Now that we are separating he wants 50/50 physical custody with me caring for her Mon-Fri afternoon and him Fri afternoon to Mon morning, every week. I proposed I have primary residence and he have every other weekend and evenings during the week as his work schedule allows. He said he will not sign anything unless it is 50/50.

Thinking of DD's best interest, she is young and I am her primary caregiver. She has only been away from me over night on 3 occasions, and each for only one night. We spend pretty much every weekend alone together while DH does his own thing. I think it would be horribly damaging to her at this point for her to go from me being the only care giver, to not seeing me for days on end and being with her dad who she doesn't necessarily trust and feel emotionally safe with. I have no intention of keeping her from her father or his family. She loves her dad and he loves her. But he has NEVER provided more than 36 consecutive hrs of care in 4 years. NEVER. Often, when he is keeping her for only a couple hours, he sends her to his parents house instead of caring for her. 

I talked to my lawyer, and he said that if H won't sign, then my only choice is to file for custody and go to court. This feels wrong to fight over her like this, but I am unwilling to put her in a position where her world crashes down any more than it is going to under these horrible circumstances. 

Has anyone else had to go to court for custody? What was it like? I do not hate my husband and will not lie about him. However, if we have to call witnesses, I cannot think of a single person who could truthfully say he provides any more than 'babysitting' care of DD.

I just want to get some idea of what I am getting in here so I can make the best decisions I can for my daughter. I know it is going to be hard no matter what, but I can do my best to be as decent as possible. 

Any thoughts, feedback or advice is much appreciated.


----------



## EleGirl (Dec 3, 2011)

It's unfair that your husband wants you to have her during the work week when it's much harder to care for a child, having to get her up and to day care. Then pick her up and deal with her after an all day separation when you are tired from work. Then he wants you to not have any weekends at all. That stinks for you and for your daughter.

One thing you can do is to ask for a custody evaluation.
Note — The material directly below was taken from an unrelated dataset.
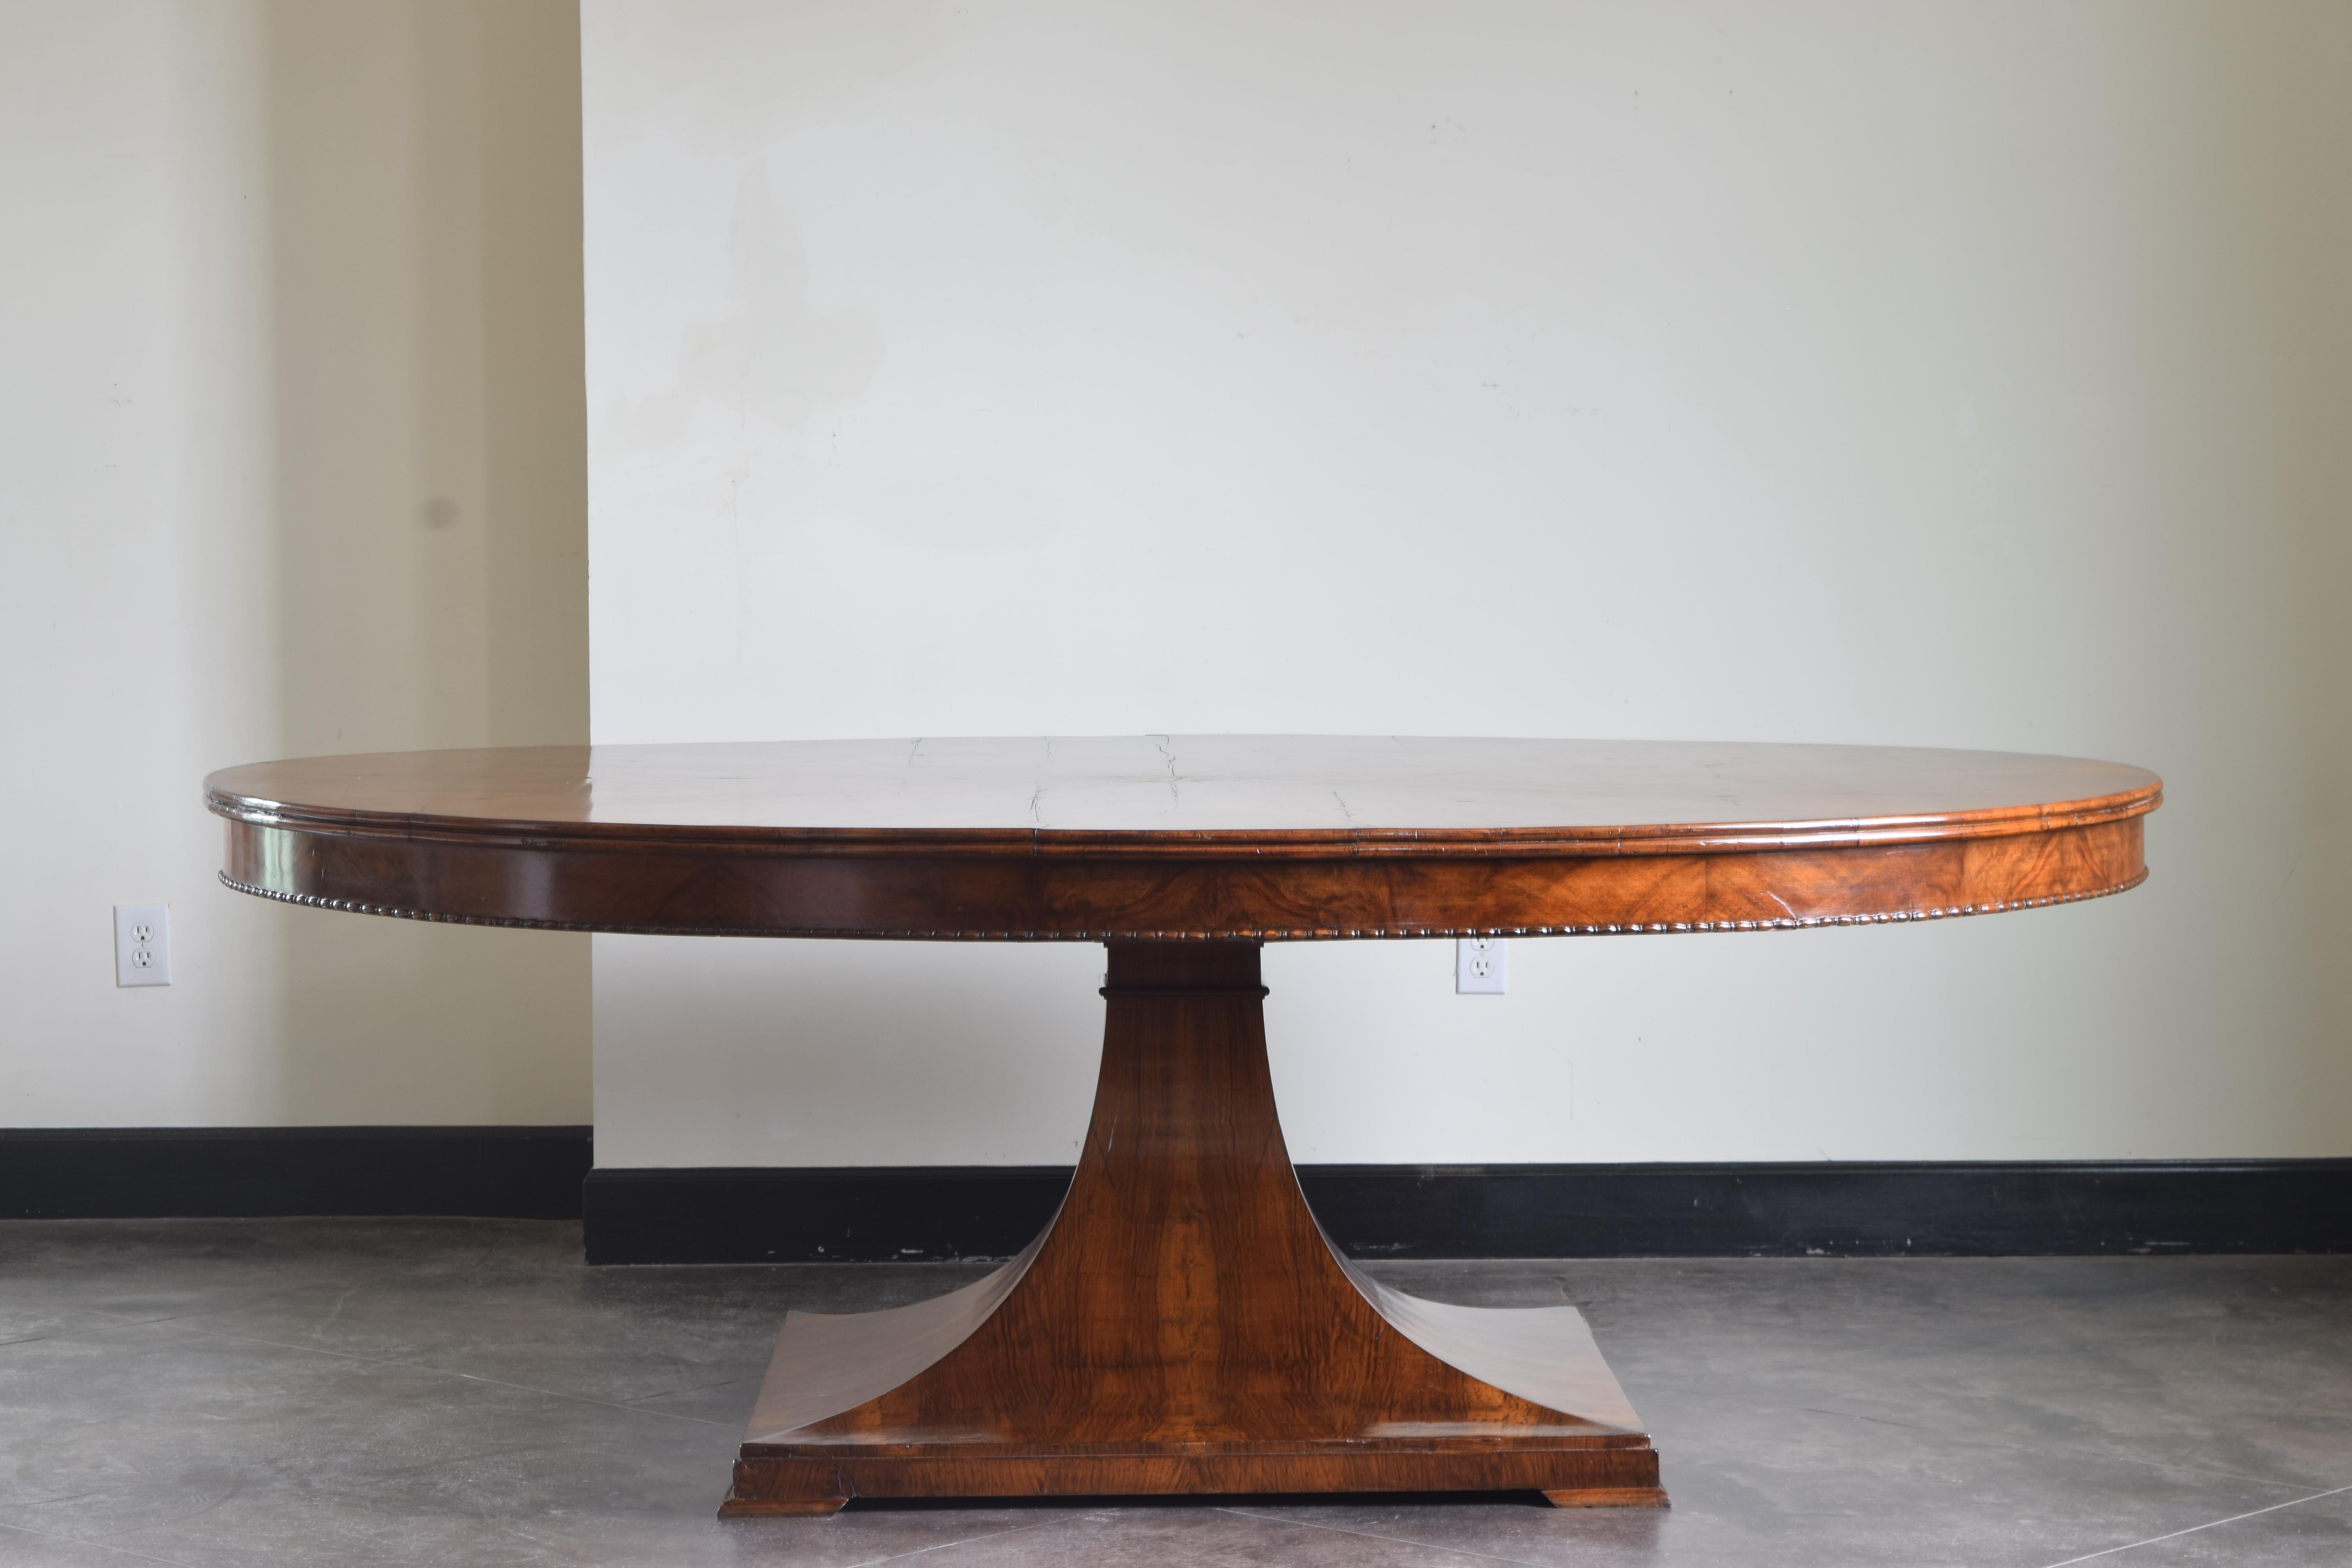 This large and rare center or dining table is veneered in beautifully grained Northern Italian walnut with an startburst center medallion, the molded edge at the top of an apron with a lower egg and dart molded edge, the top rests on a 4 sided

When I did this we each had to suggest 2-3 evaluators to the court. The court picked from the list. In our case the court chose one that I suggested. IT was a place called "Fathers and Family". There were two evaluators.. a team of a man and a woman. They had a several meetings with each of us and with our son. My husband and I had to take tests.

In the end their report said that my husband was abusive and they limited his time with our son. They also said that if he atteneded counseling with our son for 18 months and successfully finished it then he could get one more day a week.

In the end we had a 60/40 split of time. Me with 60%. 

The court went with the evaluator's suggested plan.

Courts today usually go with 50/50. Kids adjust. So you will need something/someone to back you up to get more time. It's highly unlikely you will get full custody. 

Go with an evaluation if you can afford it. And do not agree to him having every weekend. The courts will understand that this is unreasonable.


----------